Exercise ->
Transcribe the listing exactly as written. Leave the images out.

Provided material ->

● ● ● ● ● ● ●

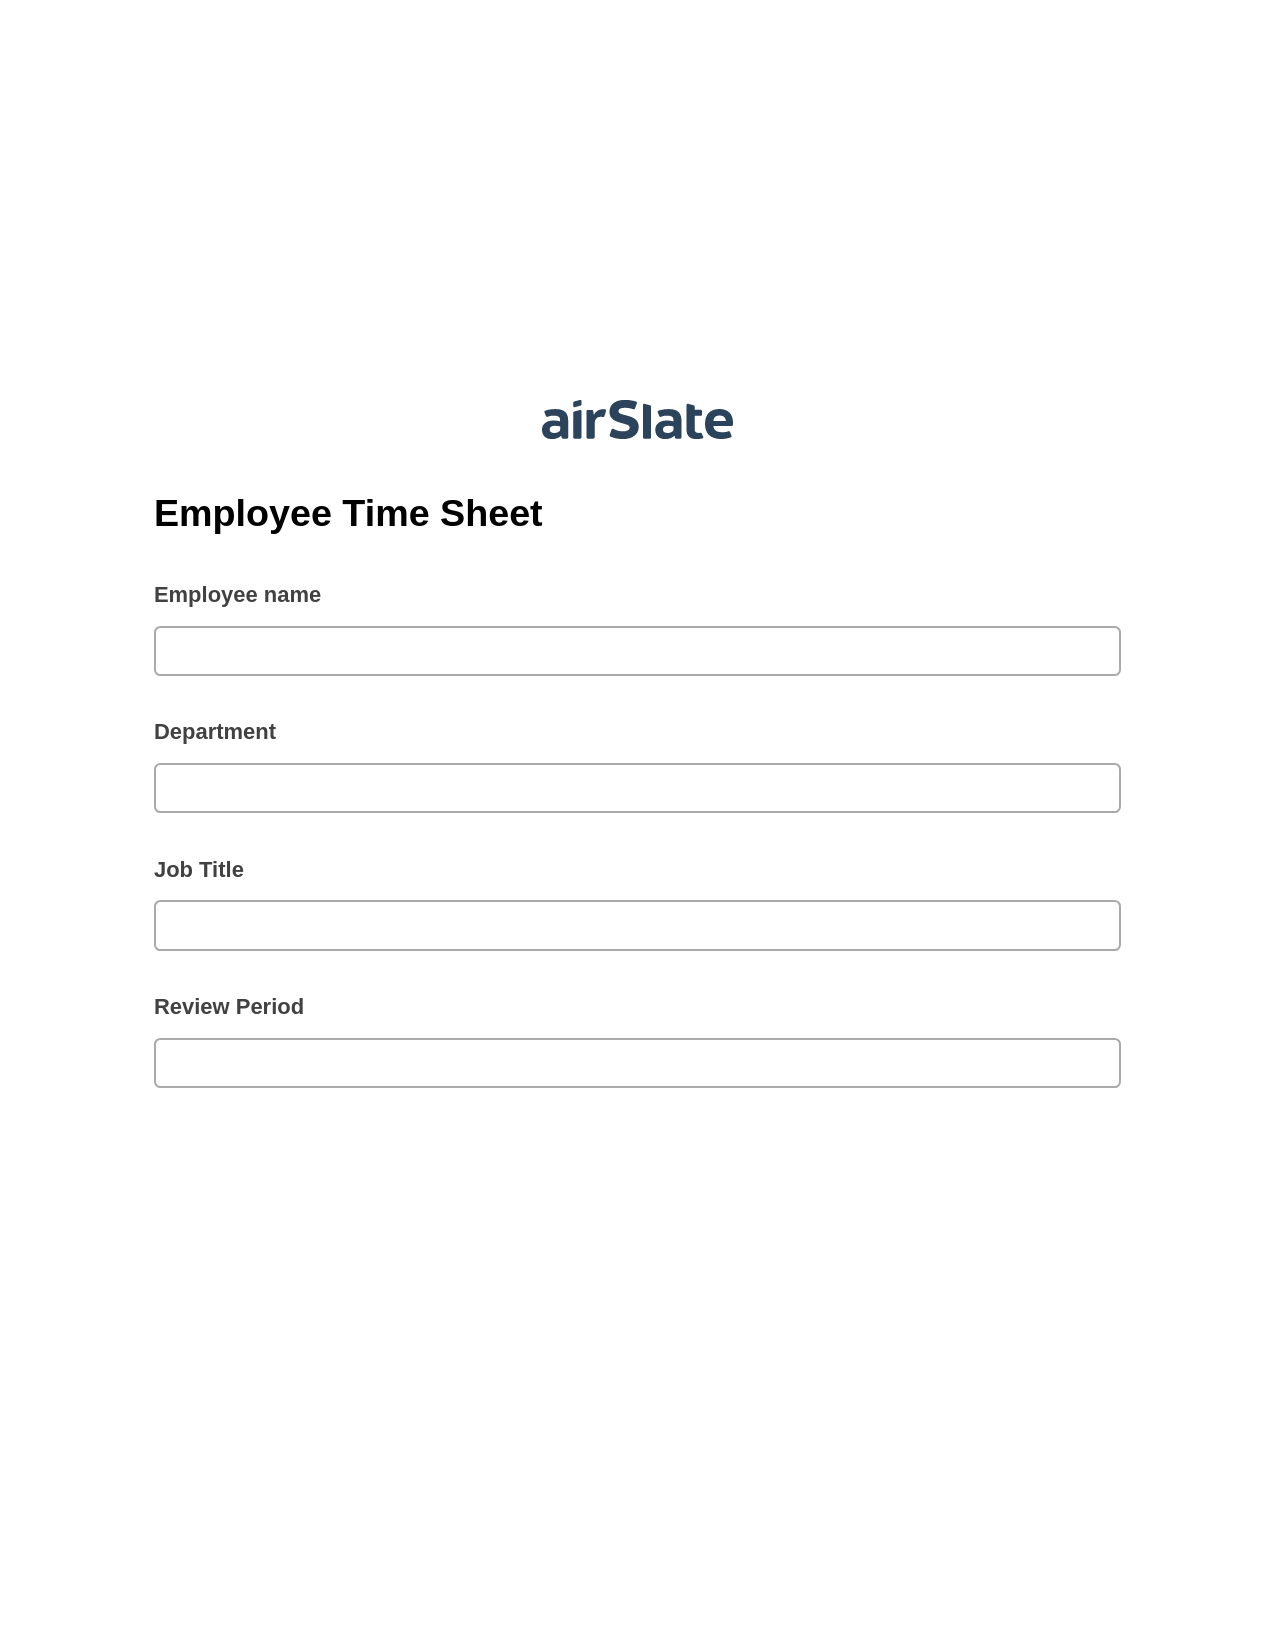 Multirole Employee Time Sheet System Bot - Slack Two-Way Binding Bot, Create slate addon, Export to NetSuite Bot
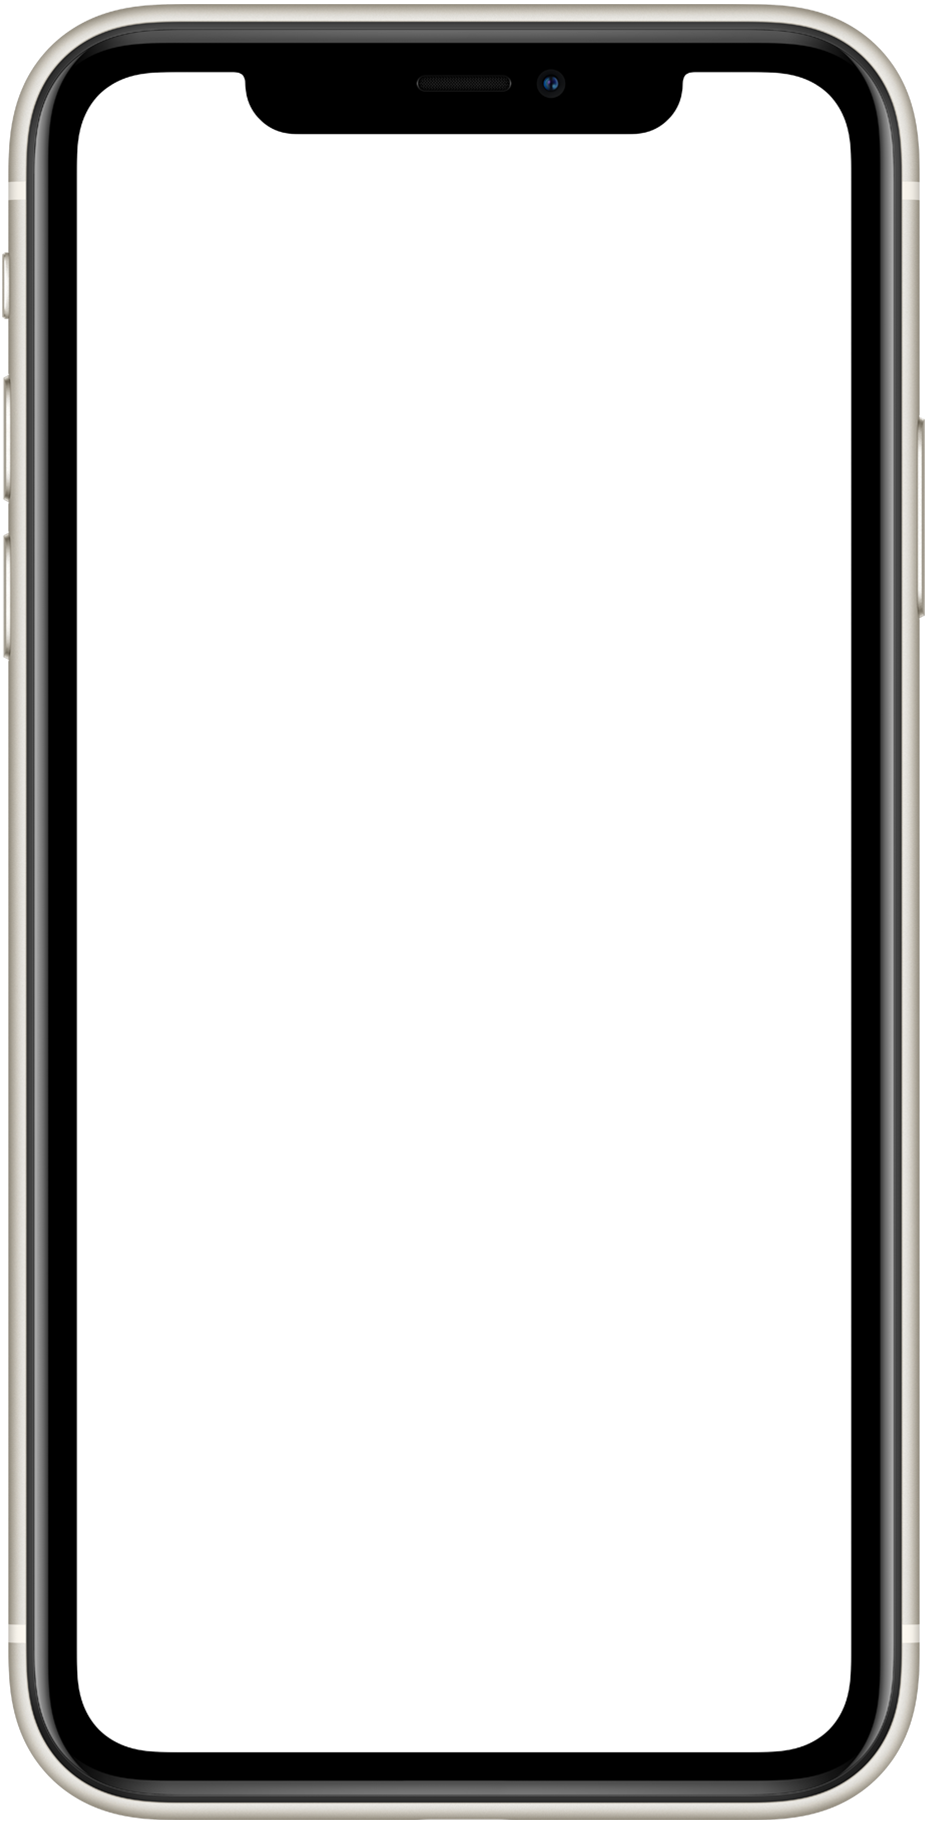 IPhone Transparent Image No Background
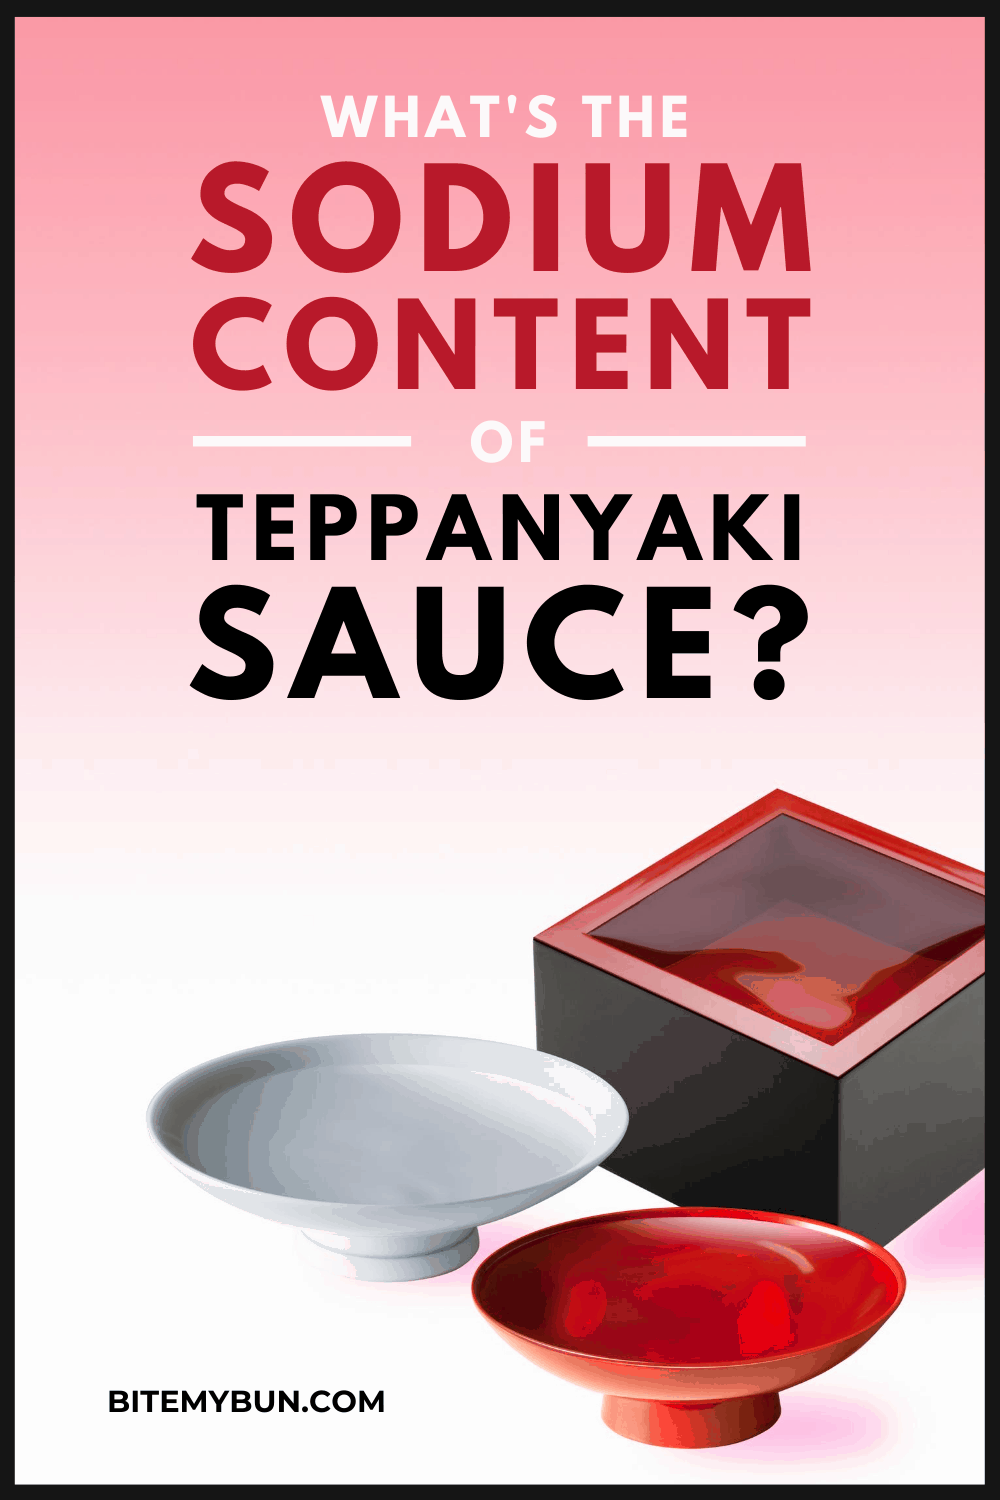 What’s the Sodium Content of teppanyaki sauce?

● ● ● ● ● ● ●

Solution ->
 Multirole Employee Time Sheet System Bot - Slack Two-Way Binding Bot, Create slate addon, Export to NetSuite Bot
 IPhone Transparent Image No Background
 What’s the Sodium Content of teppanyaki sauce?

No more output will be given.